The crystal structure of human TLR4/MD-2/Ra-LPS complex  has been reported and may interact with berberine since it has a large hydrophobic surface, which is likely to compete with LPS in binding to its specific TLR4/MD-2 receptor, thus blocking the LPS/TLR4 signaling. Based on the previous in vitro and animal work, and on our hypothesis that berberine may block the LPS signaling by binding to the TLR4/MD-2 receptor, berberine may present alleviative effects on LPS-induced disease states. In the present study, we first confirmed the anti-bacterial effect. Afterward, we investigated the therapeutic effects of berberine on LPS-induced diseases, thereby providing the evidence supporting the need for the study of anti-endotoxin mechanism. Furthermore, we explored the molecular mechanisms of the action of berberine.
Berberine was provided by Liaoning University of Traditional Chinese Medicine. Endotoxin was provided by National Institutes for Food and Drug Control. (titer: 9000 EU/amp).
Wild type S.typhimurium LT2 was purchased from ATCC (Catalog number: 15277). LT2 was grown in Luria-Bertani (LB) medium at 37°C with shaking at 200 rpm. When appropriate, the medium was supplemented with 10 μg of tetracycline per ml medium or 10 μg of chloramphenicol.

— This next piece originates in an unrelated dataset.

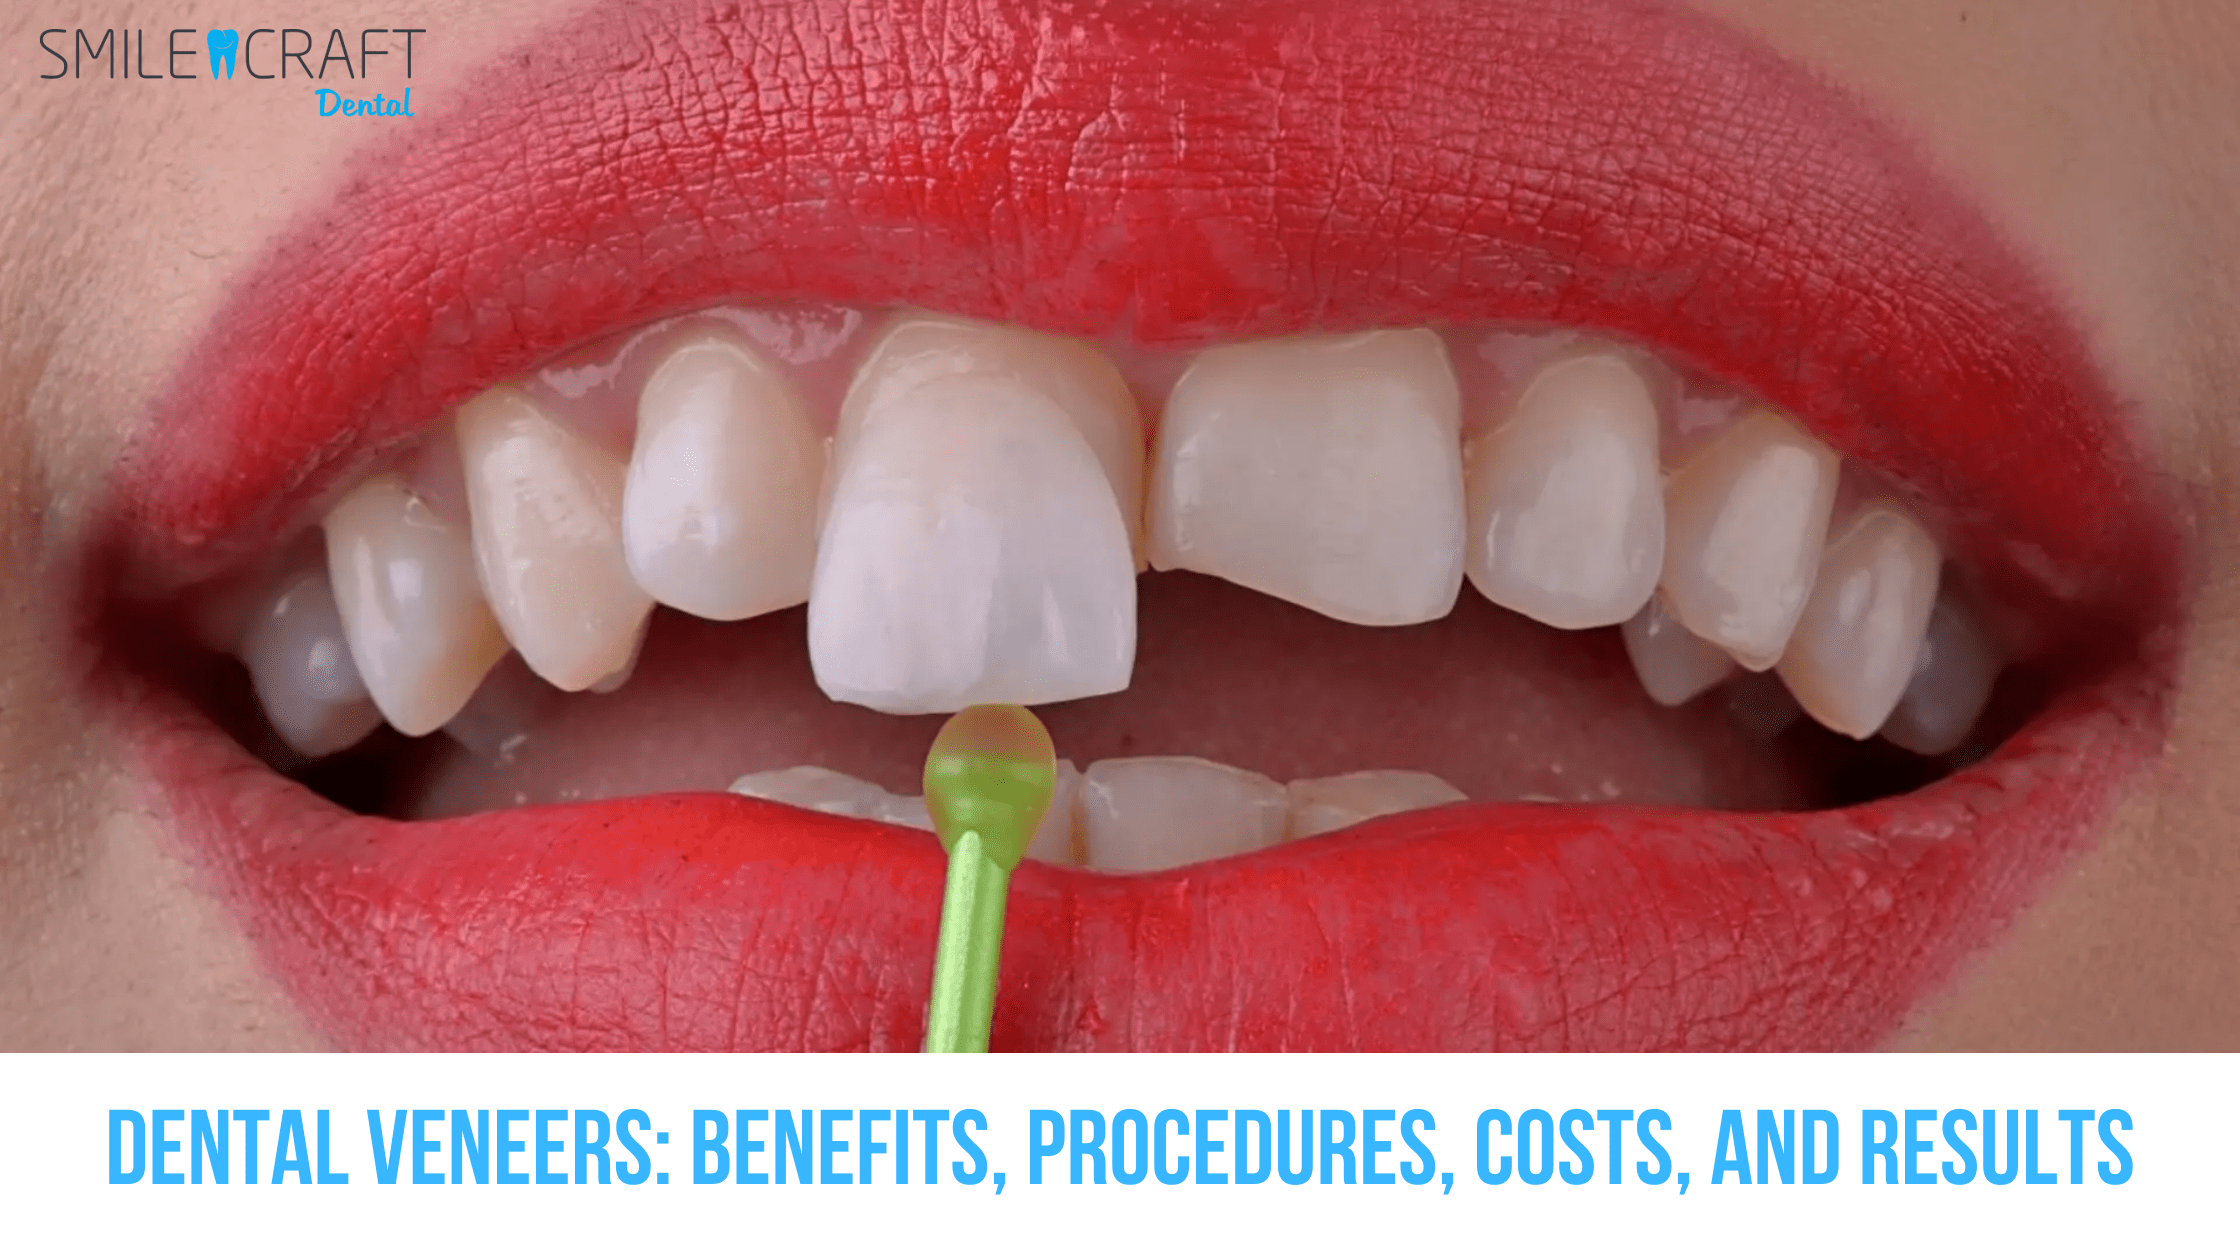 dental venner - benefits, procedure, cost etc

Cell culture and treatment
Murine macrophage-like cells (RAW264.7) were purchased from ATCC and cultured in Dulbecco’s modified Eagle’s medium (Mediatech Inc., Herndon, VA, USA) supplemented with 100 μg/ml of penicillin/streptomycin and 10% heat-inactivated fetal bovine serum (Gibco, FBS), in a humidified atmosphere of 5% CO2 at 37°C, until reaching 80% confluency. The medium was changed every 3 days. These cells were divided into four treatment groups.

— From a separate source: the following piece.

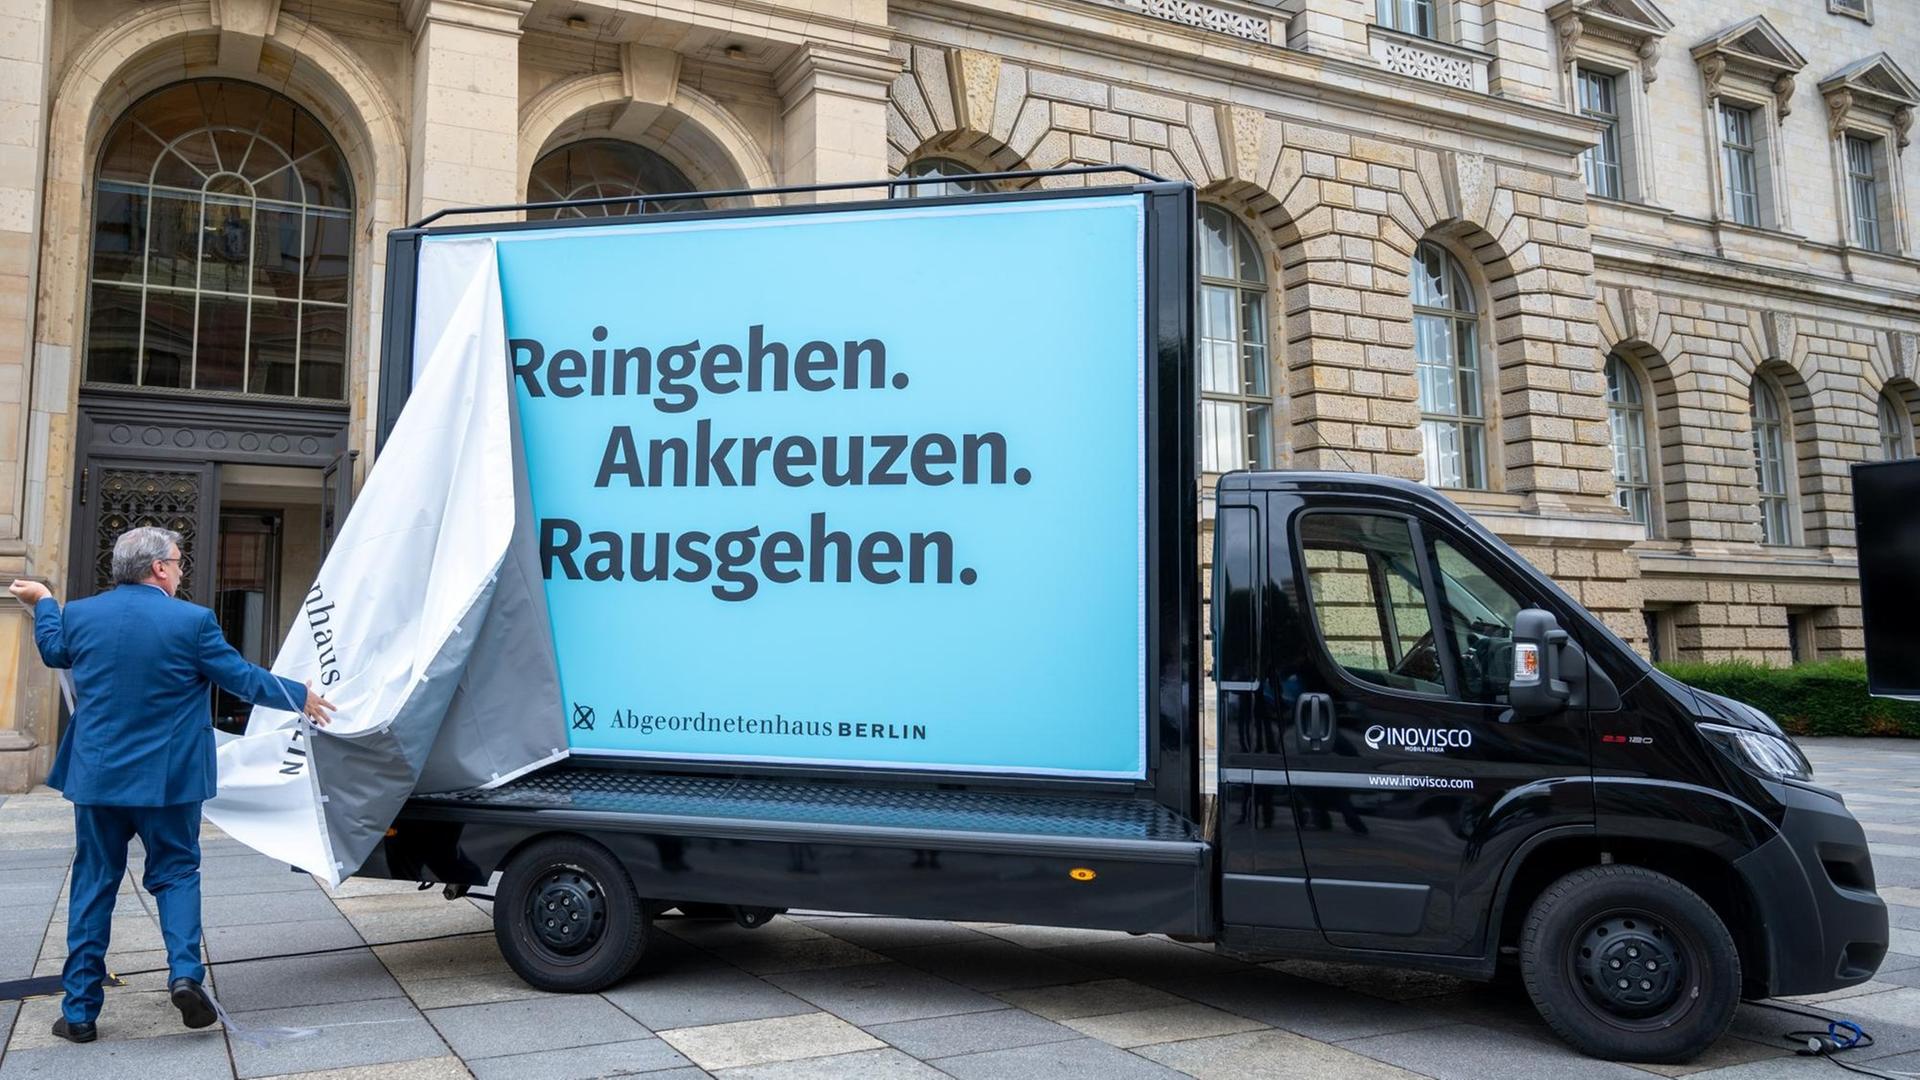 Ralf Wieland (SPD), Präsident des Abgeordnetenhauses von Berlin, enthüllt bei einer Pressekonferenz zur Wahlmobilisierungskampagne für die Wahl zum Berliner Abgeordnetenhaus ein Plakat mit der Aufschrift „Reingehen. Ankreuzen. Rausgehen.“ auf einem Auto.

Animals and experimental procedures
Balb/c mice(4-6 weeks, weighing 21-23 g)and albino rabbits(weighing 1.5-2.5 kg) were provided by animals’ raising house of Shenyang Medical College (Certificate of Conformity: Liao  No. 022). The experimental animals were housed separately at room temperature (20 ± 2)°C, humidity 55%-60%. They were provided a standard laboratory diet and water ad libitum. Before the experiments, we measured the body temperature of the rabbits twice a day for three consecutive days. The rabbits which temperature range from 38.6°C to 39.5°C, and which temperature fluctuation range less than 0.3°C were selected. All of the experimental procedures were carried out in accordance with the NIH Guidelines for the Care and Use of Laboratory Animals. The animal experiments were approved by the Institutional Animal Care and Use Committee of the Peking University.

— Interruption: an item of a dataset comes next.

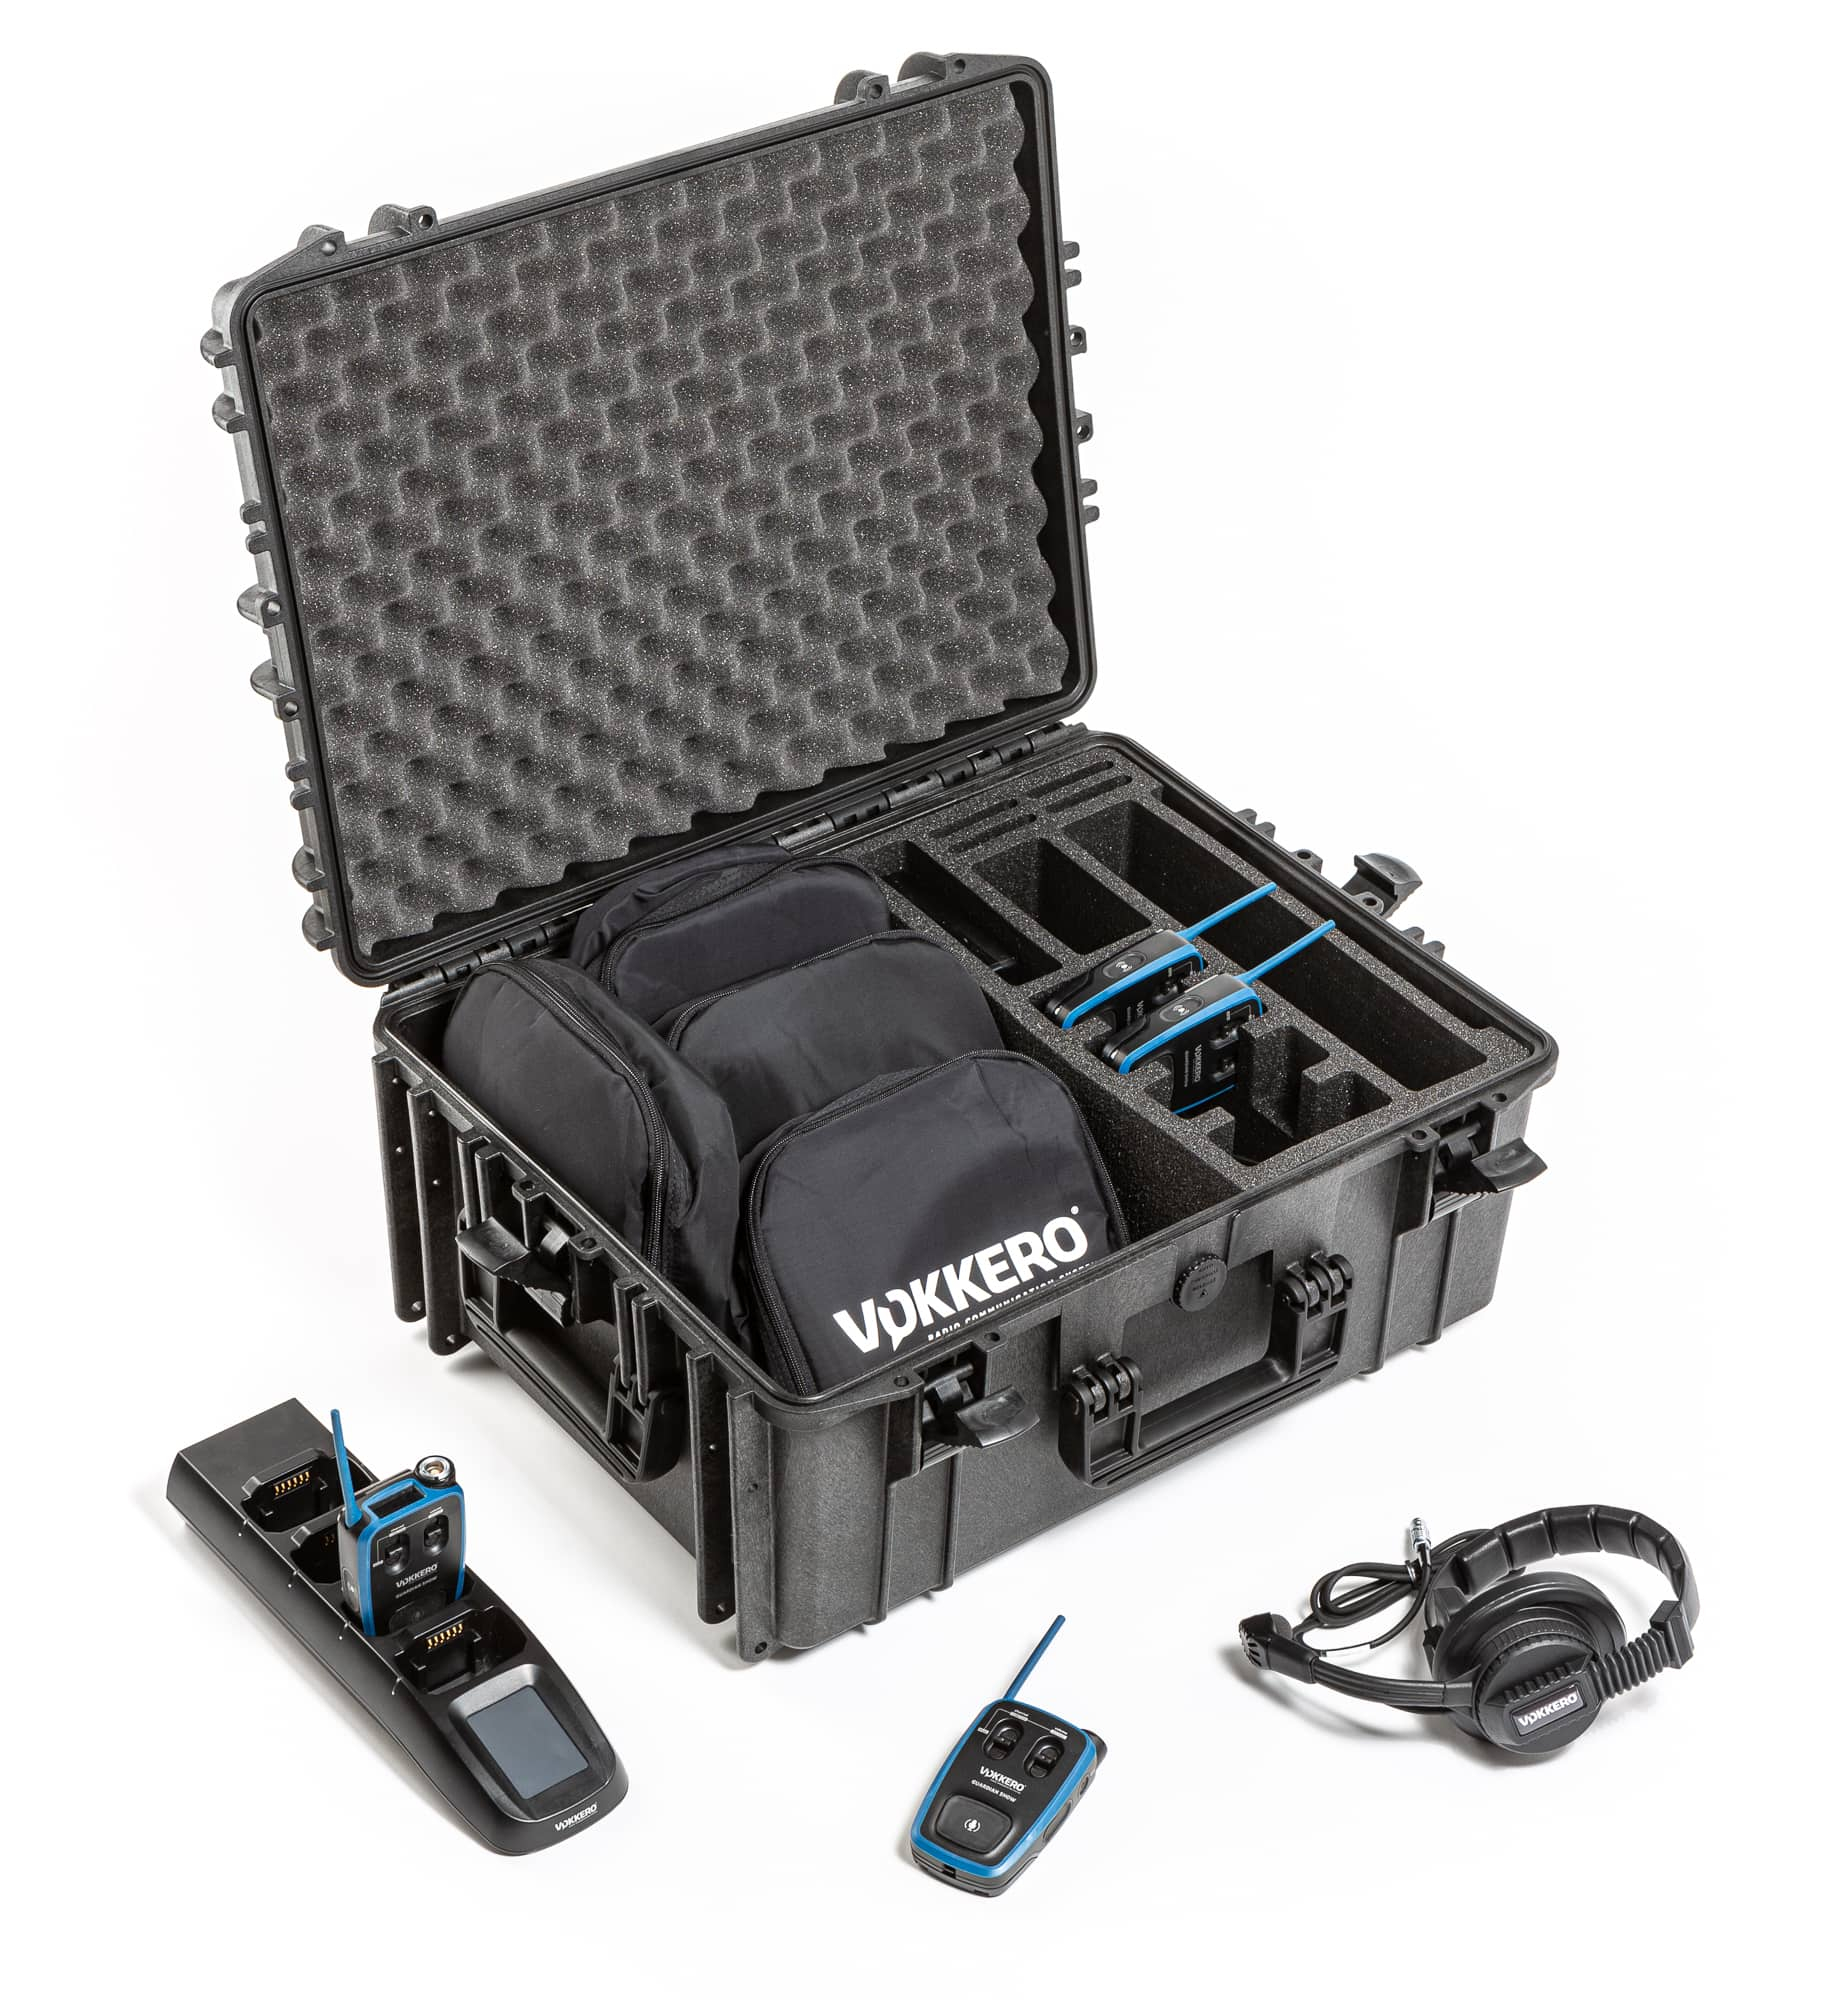 Full duplex intercom kit – Pro Audio wireless – 4 users

The establishment of LT2-infected Balb/c mice model—All the Balb/C mice challenged via the oral administration with 7.6 × 105 CFU LT2 by blunt-tipped gauge needle were divided into five groups. Each mice in berberine group was inoculated orally with 0.5 ml LB broth in the presence of berberine with different final concentrations (10, 20, 30, 40 mg/kg) for 7 consecutive day. While the mice in non-treatment group inoculated orally with 0.5 ml LB broth for consecutive 7 days was set as control. The survival of mice in each group was assessed once a day for 8 consecutive days.
The establishment of LPS-treated Balb/c mice model—Each Balb/c mouse was injected intraperitoneally with 2EU/ml bacterial endotoxin(0.5 ml for each mouse). The mice in berberine group were administered intragastrically with berberine solution at the dose of 0.20, 0.16 or 0.13 g/kg, in comparison with the non-treatment mice which were administered intragastrically with distilled water (0.01 ml/g). The survival of mice in each group was assessed once an hour throughout the experiment.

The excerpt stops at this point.